Identification of salivary proteins at oil–water interfaces stabilized by lysozyme and β-lactoglobulin

In this research, we investigated the interaction occurring between oil-in-water emulsion droplets, stabilized by different emulsifiers, i.e. lysozyme and β-lactoglobulin (β-lg), and salivary proteins (SPs) with a molecular mass (Mr) above about 10 kDa. Different techniques, i.e. infrared spectroscopy, Western blotting, PAS staining and SDS-PAGE coupled to MS, were employed for this purpose. This study demonstrated the interaction between several salivary proteins and the emulsifiers at the oil–water interfaces. In particular, results show that the high Mr mucin MUC5B was strongly bound to lysozyme stabilized emulsions, whereas β-lg stabilized emulsions associated with MUC7 and, moderately, with MUC5B. Furthermore, we observed that salivary proteins in the range Mr 10–100 kDa associated differently with emulsion droplets.
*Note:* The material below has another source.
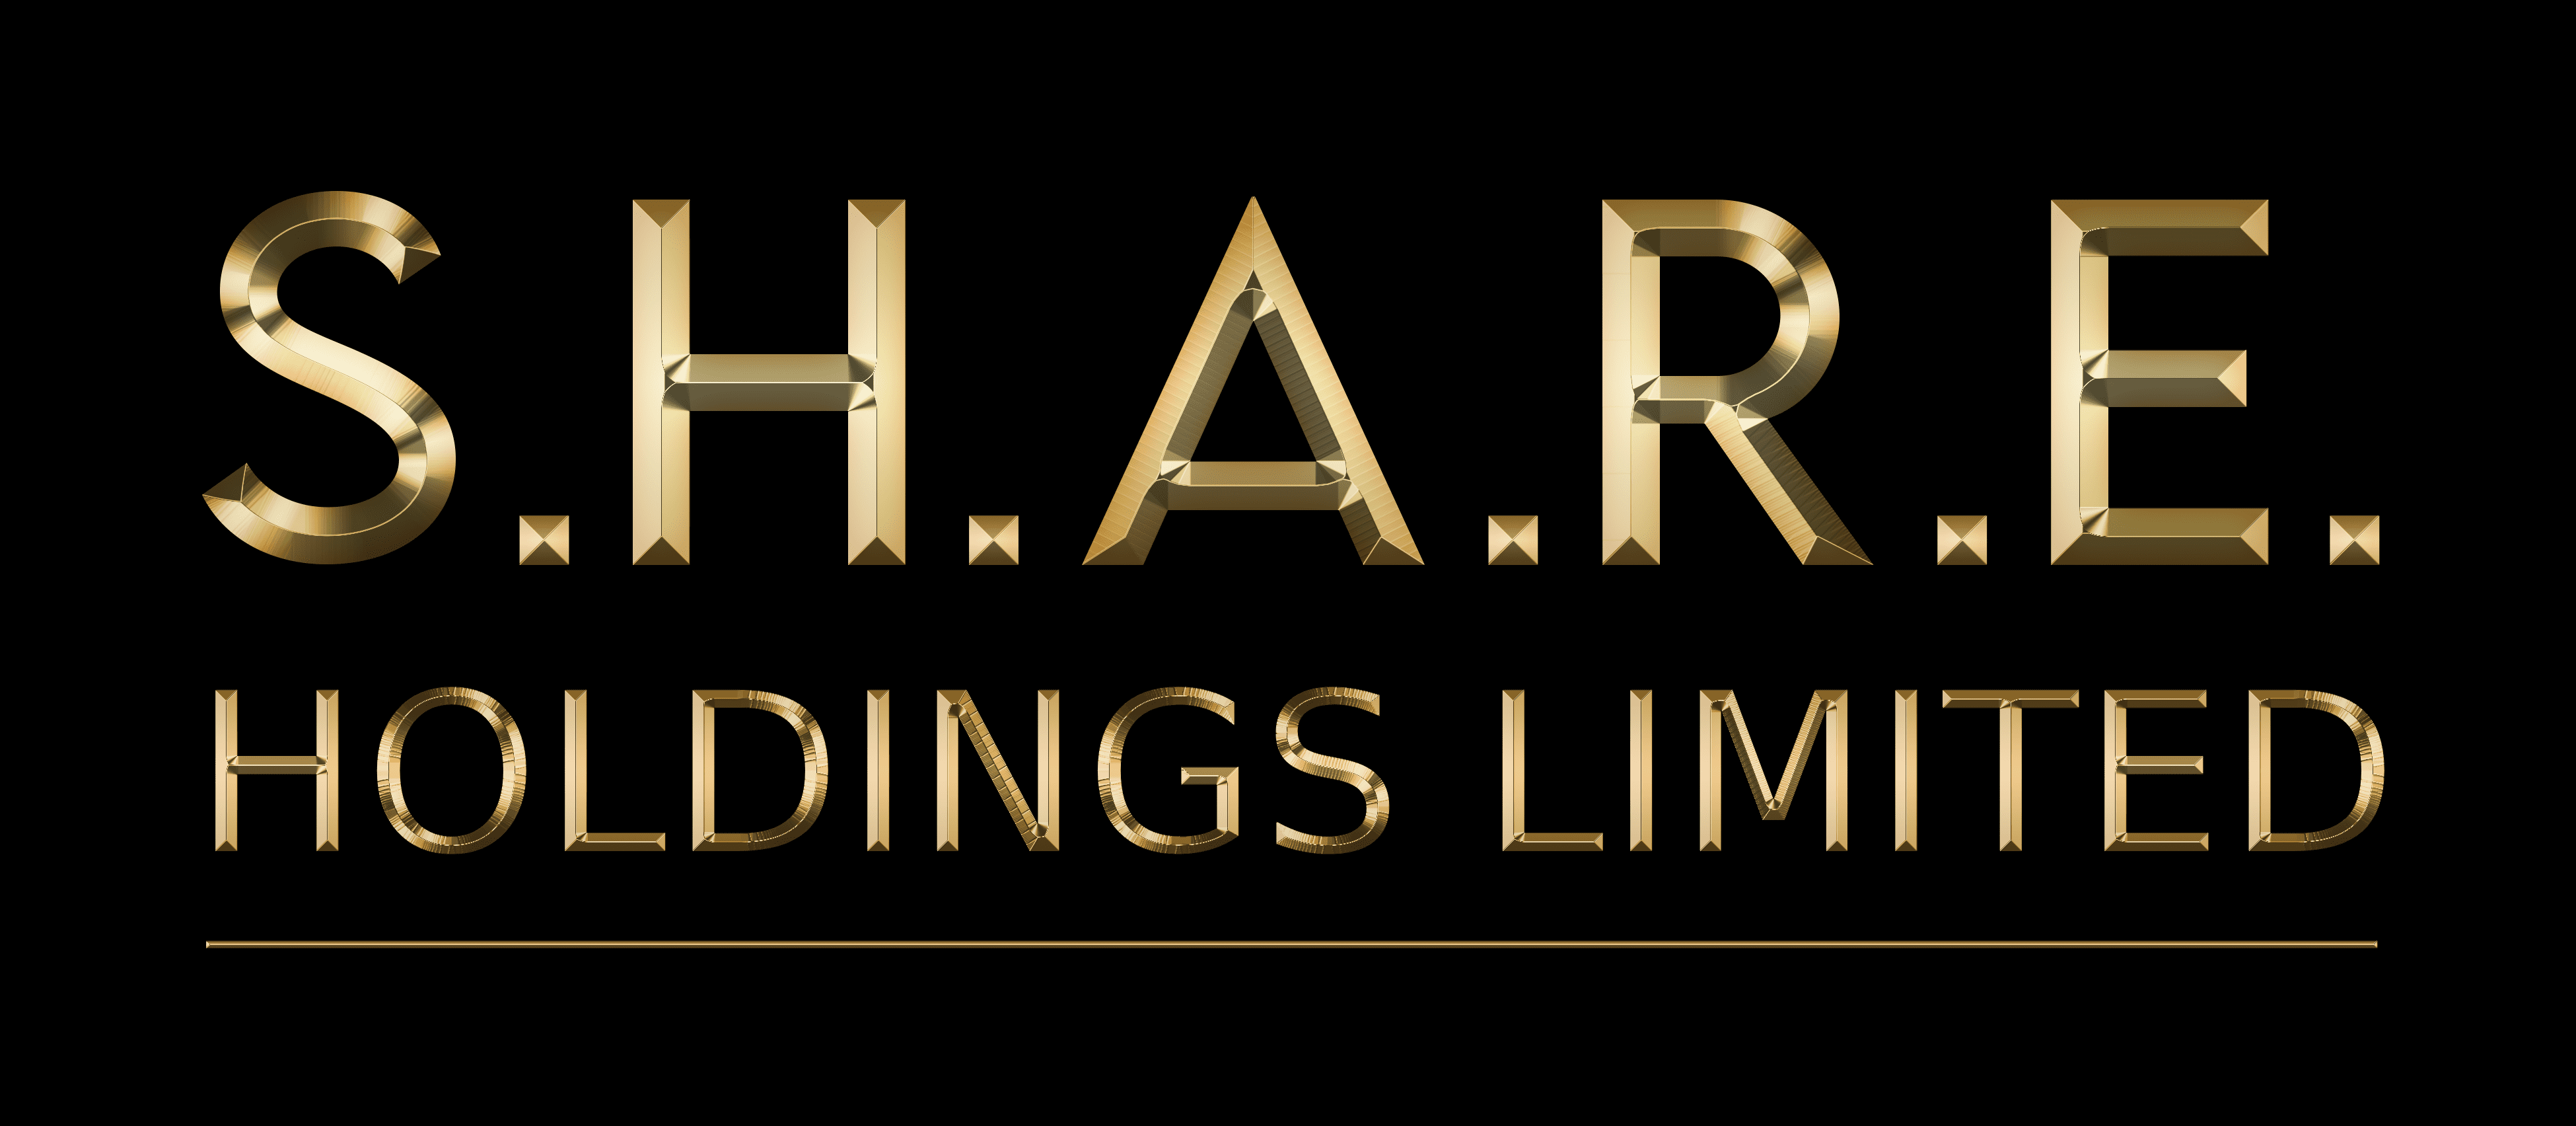 S.H.A.R.E. HOLDINGS LIMITED

A large majority of SPs was found to interact with lysozyme stabilized emulsion droplets whilst in case of β-lg stabilized emulsions, the SPs distribute more evenly between the fraction associated and non-associated with the droplets. A clear example is α-amylase (Mr ∼ 55 kDa) which predominantly associates with lysozyme stabilized emulsion droplets, but not with β-lg emulsion droplets. To conclude, our findings indicate that adsorption/association of salivary protein components onto the emulsion droplets is related to the type of emulsifying proteins at the oil–water interfaces and it is probably driven by the overall net charge at the droplet's oil–water interfaces, i.e. positive for lysozyme stabilized emulsions and negative for β-lactoglobulin stabilized emulsion at neutral pH.